Work to be completed: Transcribe only the stretch of lines that opens with the line containing "Authentic late 19th" and closes with the last line of the listing, skipping pictures.
---------- Data excerpt
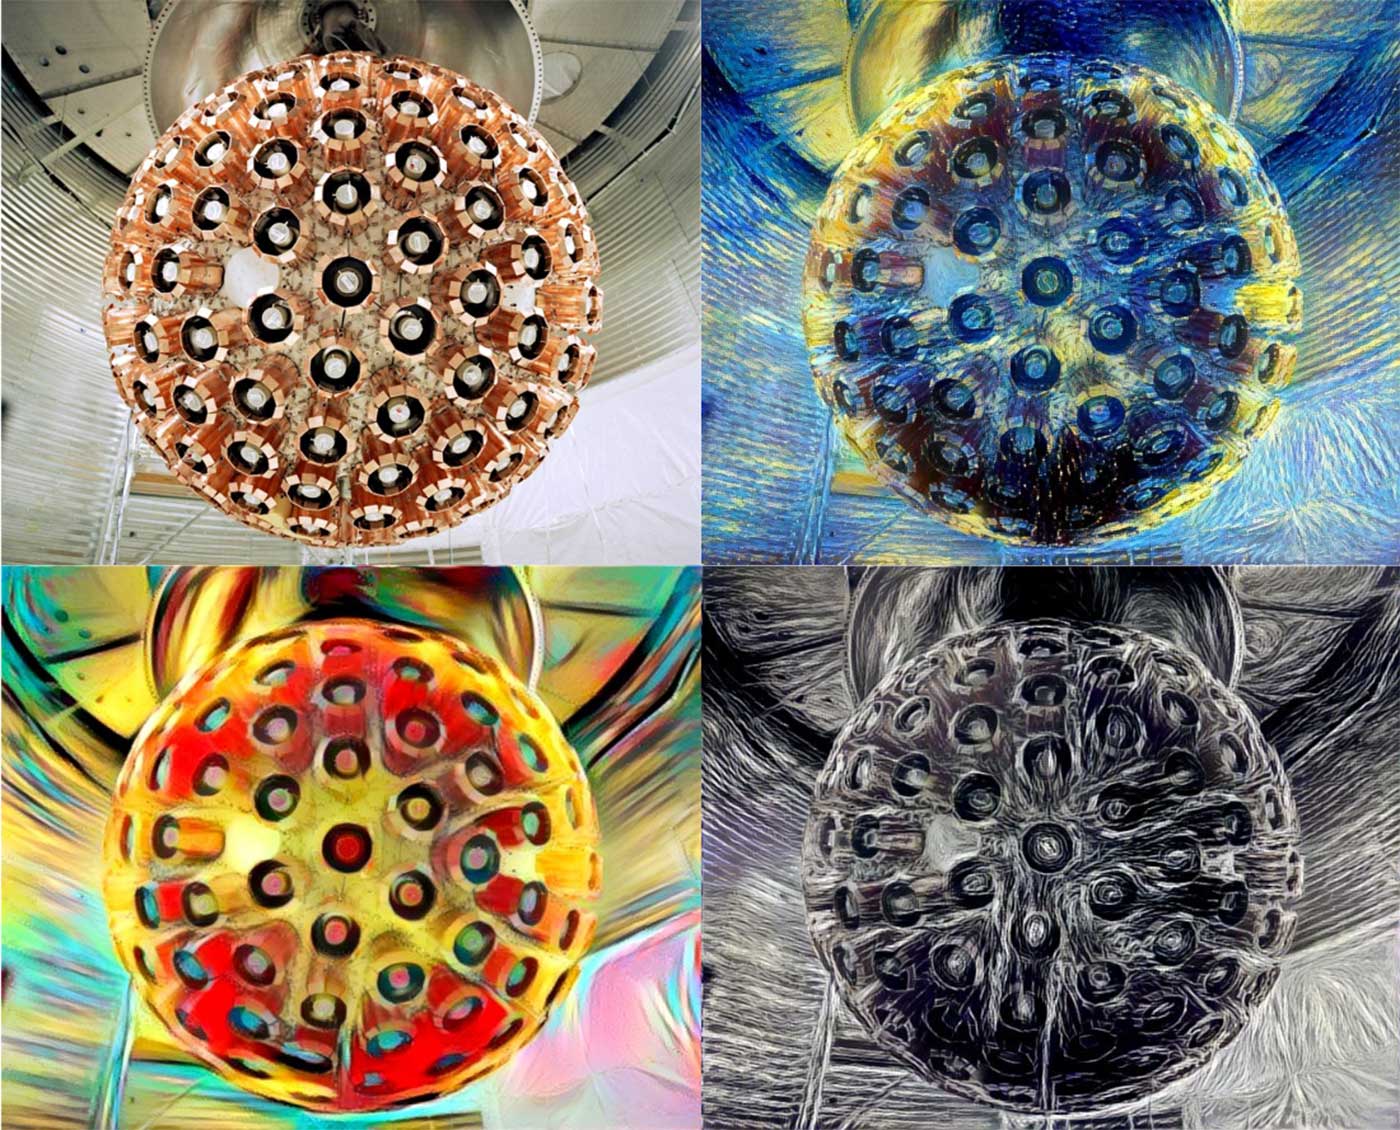 Three stylized images alongside the copper cylinders dark matter detector
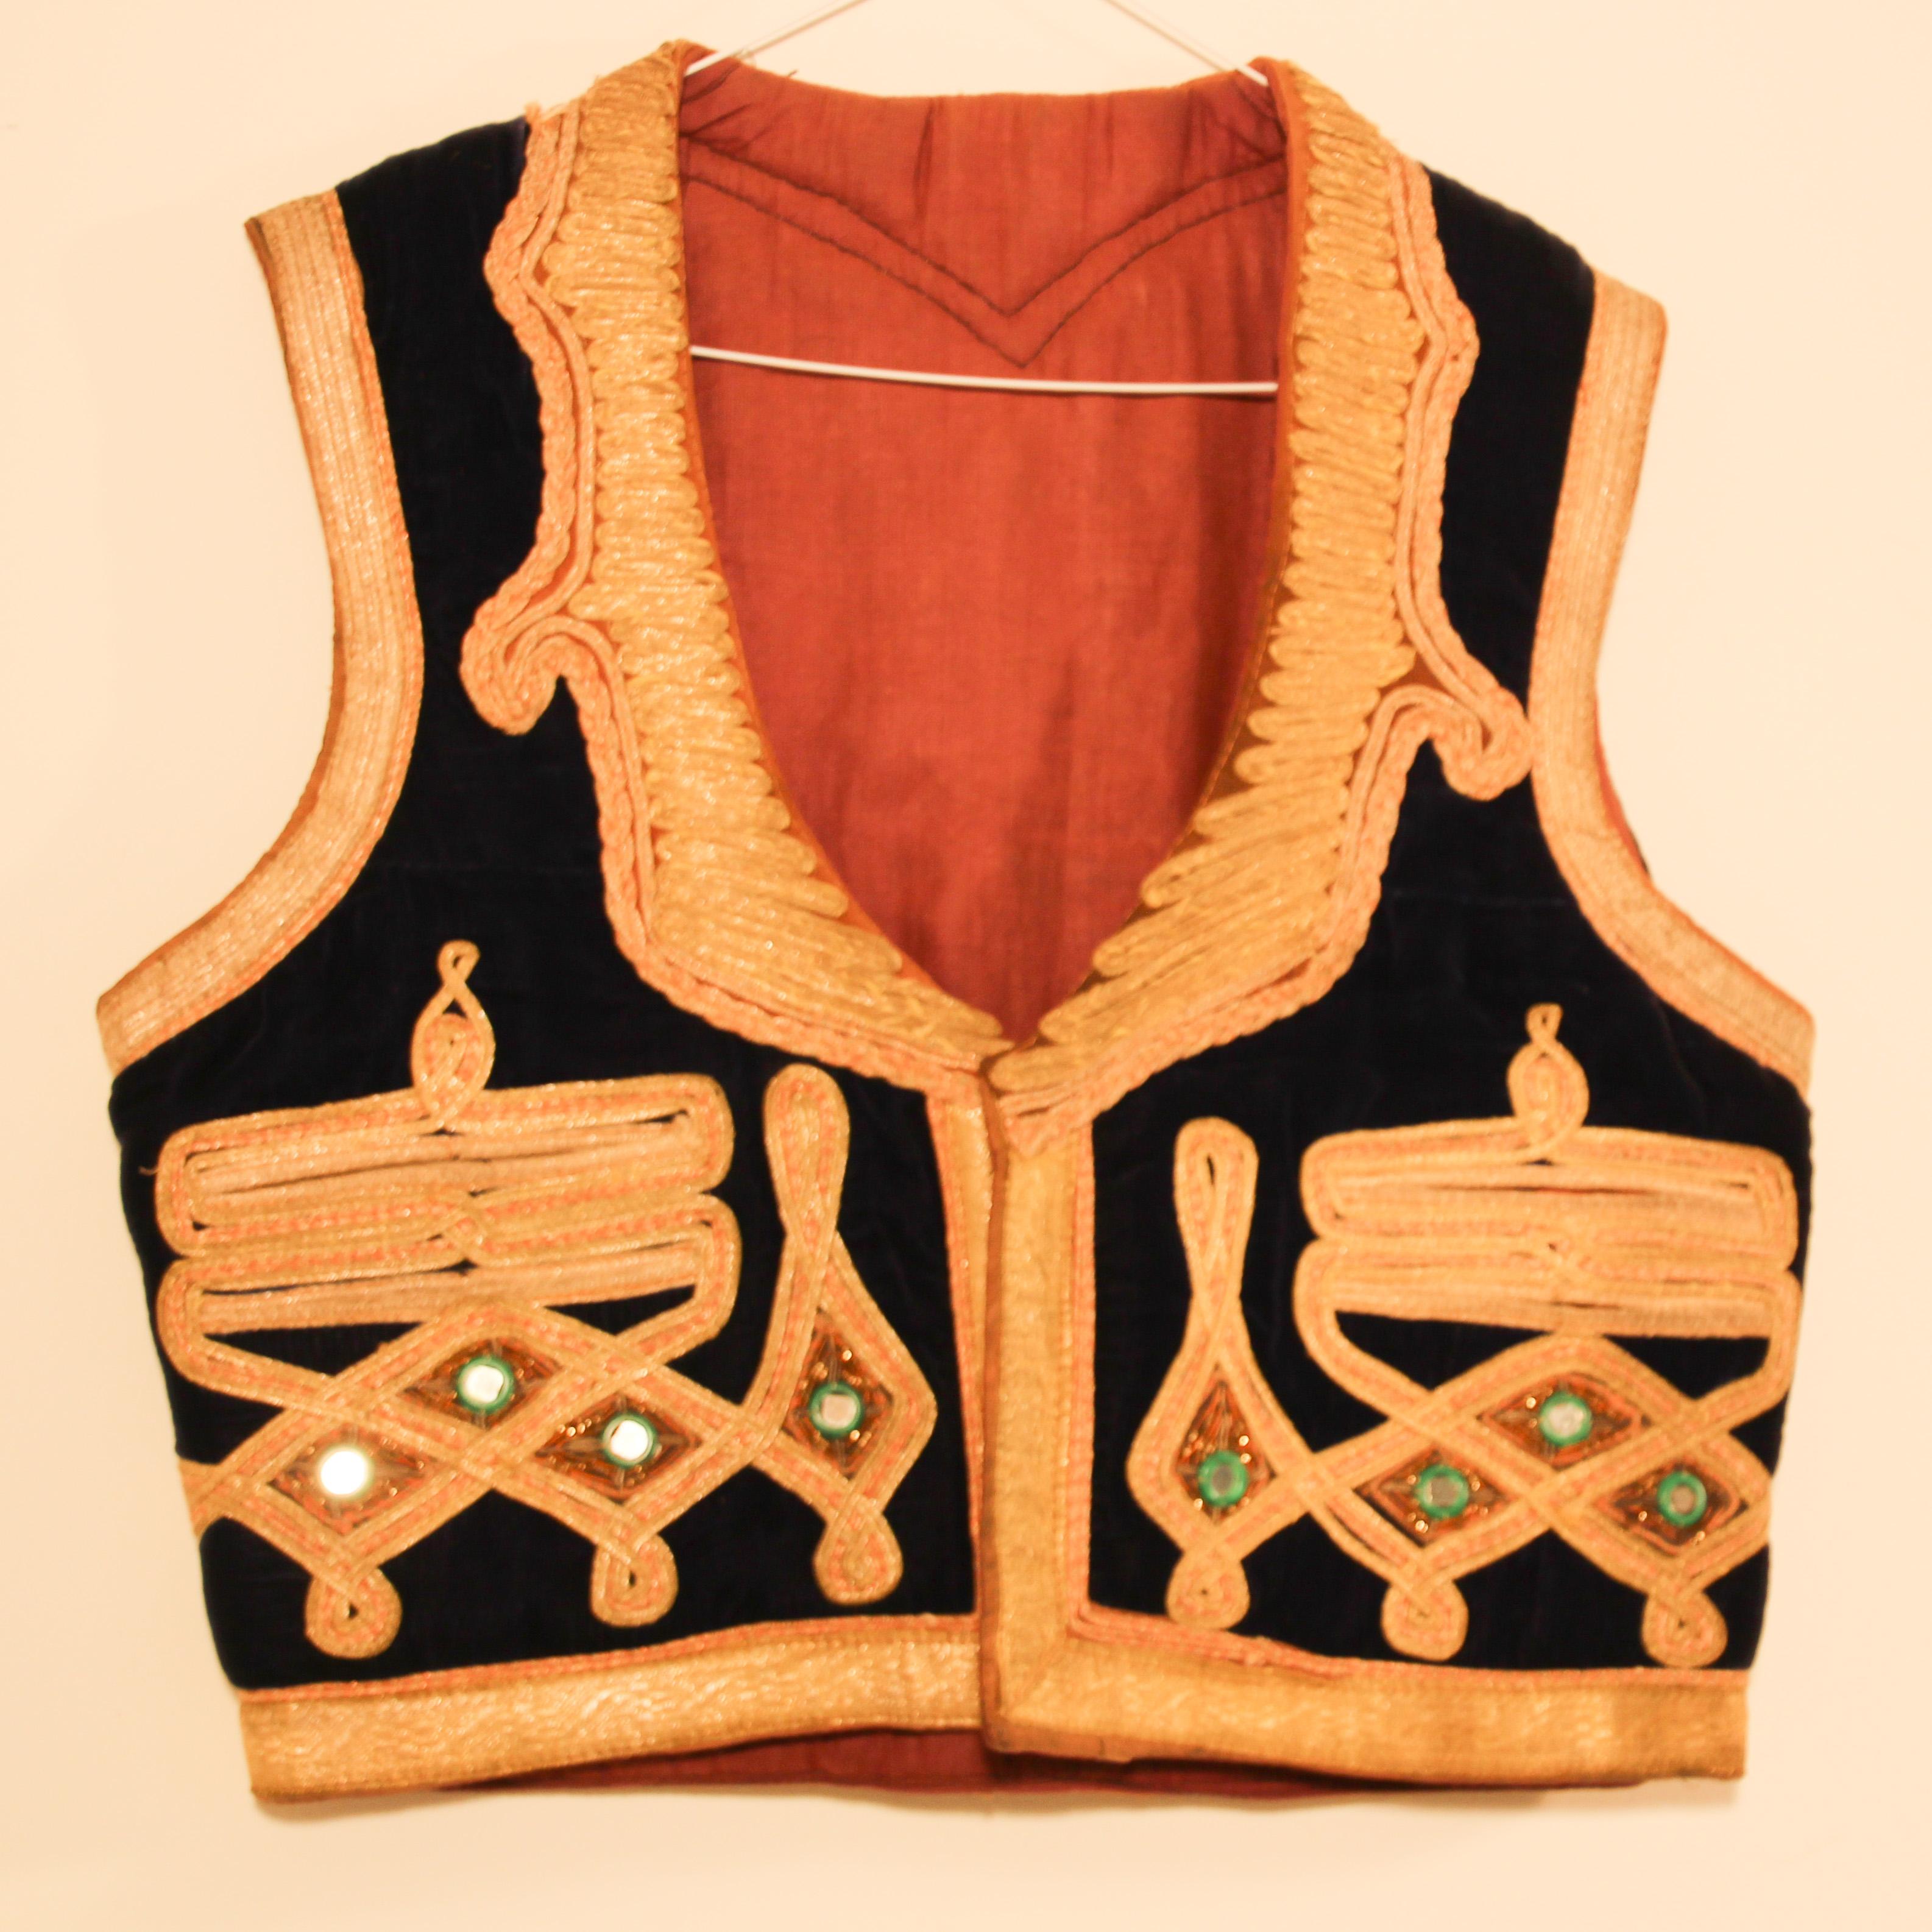 Authentic late 19th century antique ottoman Turkish vest in royal blue silk velvet decorated with elaborate gold thread, trimmed with gold metallic thread.
Elegant vest handmade embroidery with small mirrors inset on blue silk velvet, fully
--------------------
Result of this exercise:
 Authentic late 19th century antique ottoman Turkish vest in royal blue silk velvet decorated with elaborate gold thread, trimmed with gold metallic thread.
Elegant vest handmade embroidery with small mirrors inset on blue silk velvet, fully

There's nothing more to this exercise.